So you have been invited to the wedding. What do you buy for the couple that will remind them of you and also be a blessing for many years to come? Many couples choose a gift-registry service with a chain store or the like but what if you would like to give them something different or if there is no wedding registry?
It can be difficult to select the perfect item for so many reasons. Selecting a gift from a predetermined list can also be sucky as it lacks that personal touch and requires very little thought and imagination. I suppose it mainly hinges on your budget too. Do bear in mind that “cheap” gifts are a big NO and will be a thorn rather than a blessing.
Here are some ideas that will never fail :
Crockery, Cutlery and Glassware :
The kitchen is one of the most frequented rooms in most homes. A unique but functional item of crockery such as a designer salt and pepper cellar, salad bowl or platter or even a set will be something that a couple will cherish for a long time. They will remember you fondly whenever they use it. Think heirloom (something they can pass on to their children) and you will not go wrong. Things such as cake lifters, salad spoons, a cheese board set or a classy cutlery set are definitely in this category. Lead crystal glassware makes for a stylish gift. Another wonderful idea of this ilk is a picnic basket set, but make sure that it can cater for more than 2 and it will be a blessing even when the kids come along.
A wonderful gift that will be used and cherished is something for the coffee table or a classic cookbook. Do some research with friends and relatives of the couple and find out what their interests are and then find a good book that they could enjoy. You must remember to write some words of wisdom and encouragement in the cover to remind the couple why you have given them this specific gift. Some words of encouragement every time the book is opened can have a lifelong effect.
Nothing says “Have a wonderful life” like a cashmere blanket or some Egyptian cotton sheets. You could even have the couple’s initials embroidered on the item to make it even more personal. How about personalised bath towels or bathrobes? A good quality set of monogrammed napkins are handy too. Do try and stick to neutral colours lest your gift find itself buried at the bottom of some mouldy mothy drawer because it is too hideous for people to look at.
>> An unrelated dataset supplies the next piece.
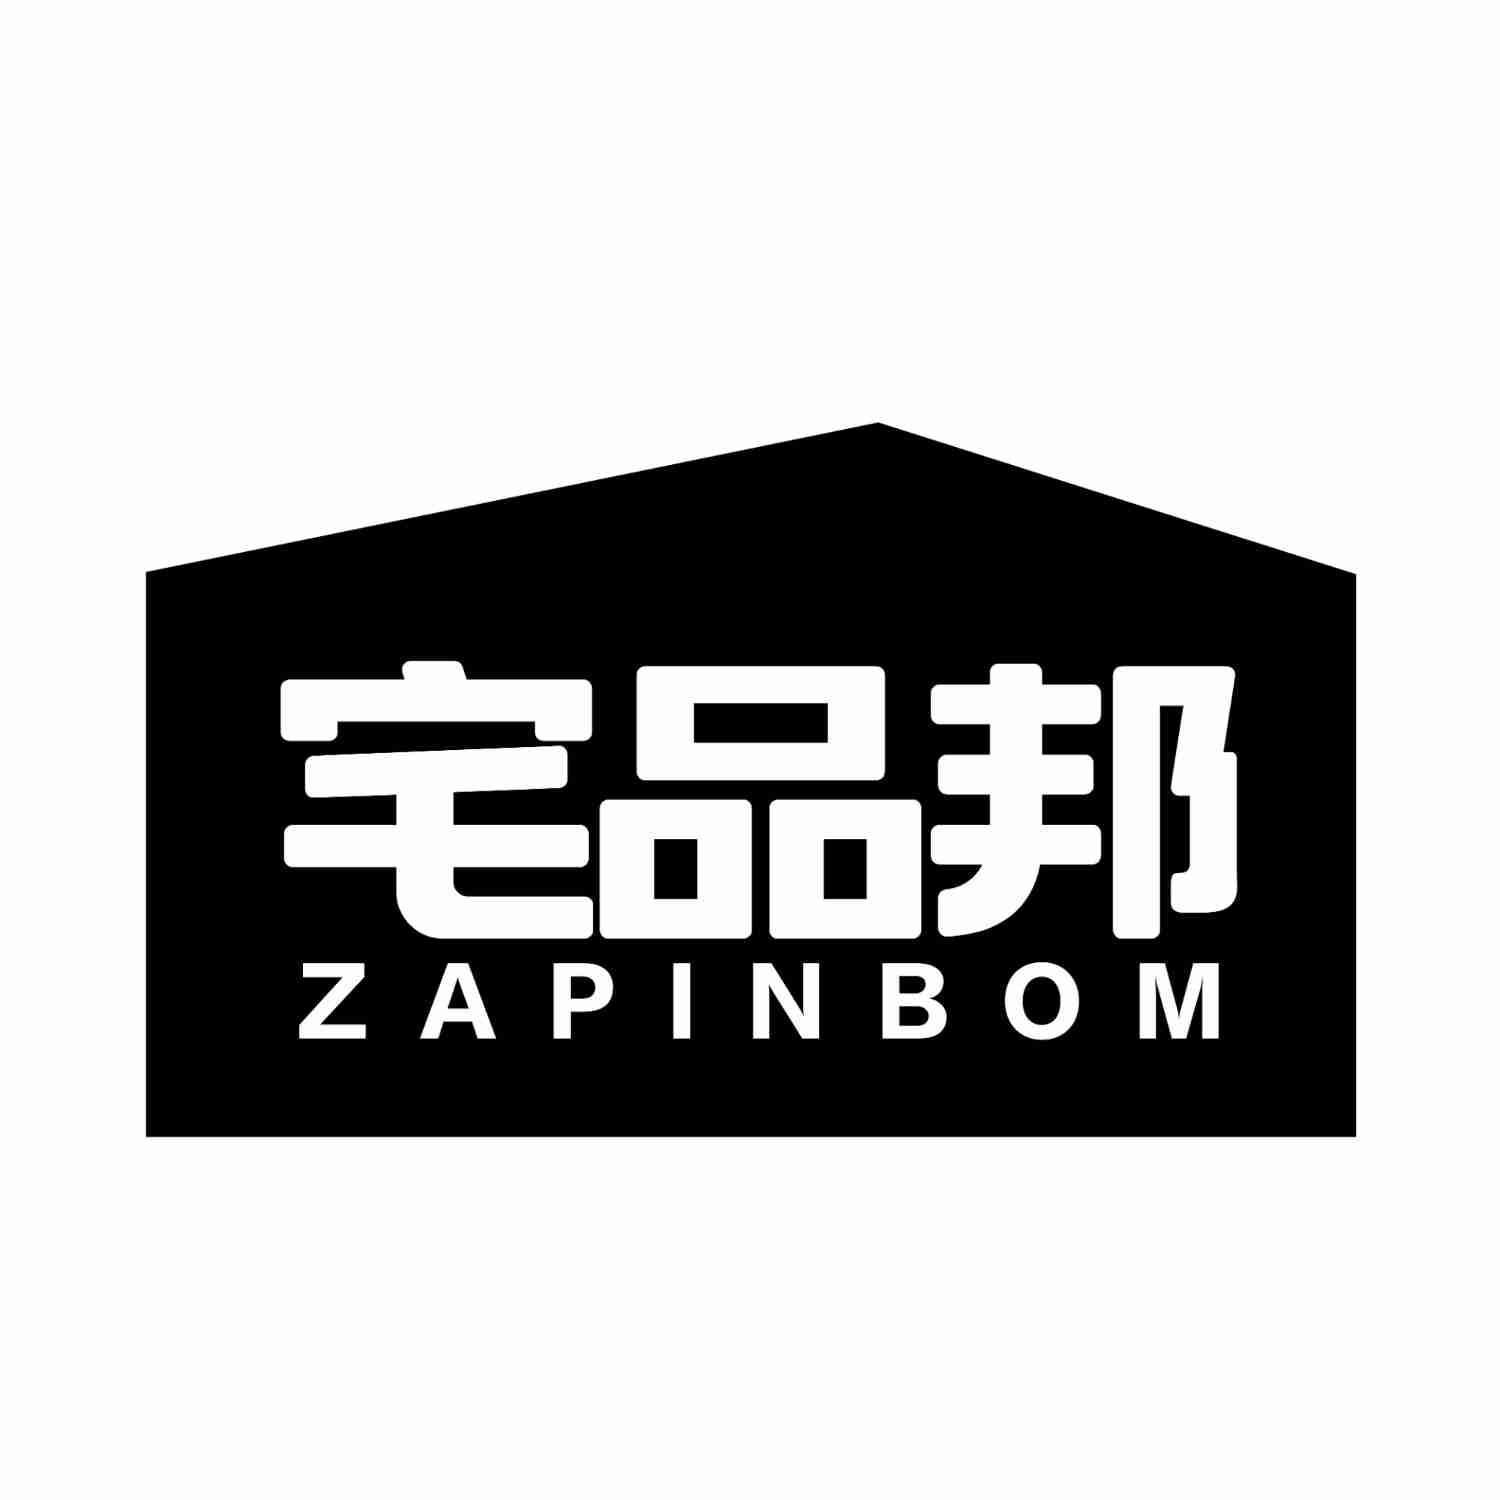 宅品邦 ZAPINBOM

Good linen can last years and there is never enough good
linen in any given house (of regular
people that is).
A Good painting will last a lifetime. This can be a tricky gift if you don’t know the couple well as you may like a work and they may find it repulsive or vice versa. Good art always appreciates in value, and even anonymous works that are done well have a place in most homes. Again you can do some research and find out what the couple’s tastes are. Art does not have to be new either as most art that is valuable is second hand. If you have the ways or the means, a portrait of the bridal couple will be an invaluable and most unique gift. If unsure, best avoid this one and find some less risky gift like a silver picture frame or a set of antique frames.
Cheap luggage won’t do so don’t buy something at the local flea market for this category. If you have the budget, then this is a gift that will keep on giving for years to some and will be appreciated and cherished. Bear in mind though that by the time the wedding arrives, the couple may already have purchased new luggage for the honeymoon trip so it is advisable to make inquiries prior to splurging on those Samsonite, Delsey, Cellini, or Polo items.
A case of wine from the year of the wedding is a great way for couples to remember their day. Request that the couple opens 1 bottle a year on their anniversary. Most will crack open a bottle and remember the good times, sadly a few couples will each crack open a few bottles to try to forget some disasters of their day – either way your gift will be appreciated and cherished (do your homework on this as some wines may turn to vinegar in the 12 years it will take to finish the case). Another option in this category would be a subscription to a wine club for a year where the couple receives wine
bi-monthly or quarterly – a gift that keeps on giving.
This can be a minefield of bad choices, but if you know what you are doing and have the budget for it then nothing says “Happy Wedding” like a great good quality kitchen appliance. You should avoid this category if you have a limited budget as cheap appliances break quickly or don’t work well and end up being tossed or never used. Every kitchen needs a sturdy all round mixer / liquidiser / food processor. Even if the couple has an existing appliance of this sort, they will stow it away for a time when their existing machine conks in. A good quality coffee machine is also a great idea but try not get one of those that only uses propriety capsules as this may cause the appliance to fall into disuse. No kitchen should be without a sturdy kitchen scale either. Avoid the nonsensical gimmickry that telemarketers try to pawn off as “what every household needs”.
I have never in my life met anyone who could not use more cash. Although this category is often frowned upon as lacking thought, I have never had the slightest hint of a person’s lack of though when I have received cash as a gift, how about you? After the wedding, most couples will be a little tight when it comes to dosh. Even a gift voucher from an upmarket grocery store or home ware store can be a blessing to any couple.
Some things to remember, if I have not already hammered the nail home are :
• Don’t go cheap or cut corners
• Don’t go with your personal likes or dislikes unless you are an expert
• Don’t make assumptions
• Do make inquiries and ask friends and family members
• Do your homework and research – Google is free
• Do try and visit the couples intended home where possible to get ideas
• Make sure the couple knows that the gift is from you if it is important to you
• Do get warranties with any item that may require it and include such with the gift.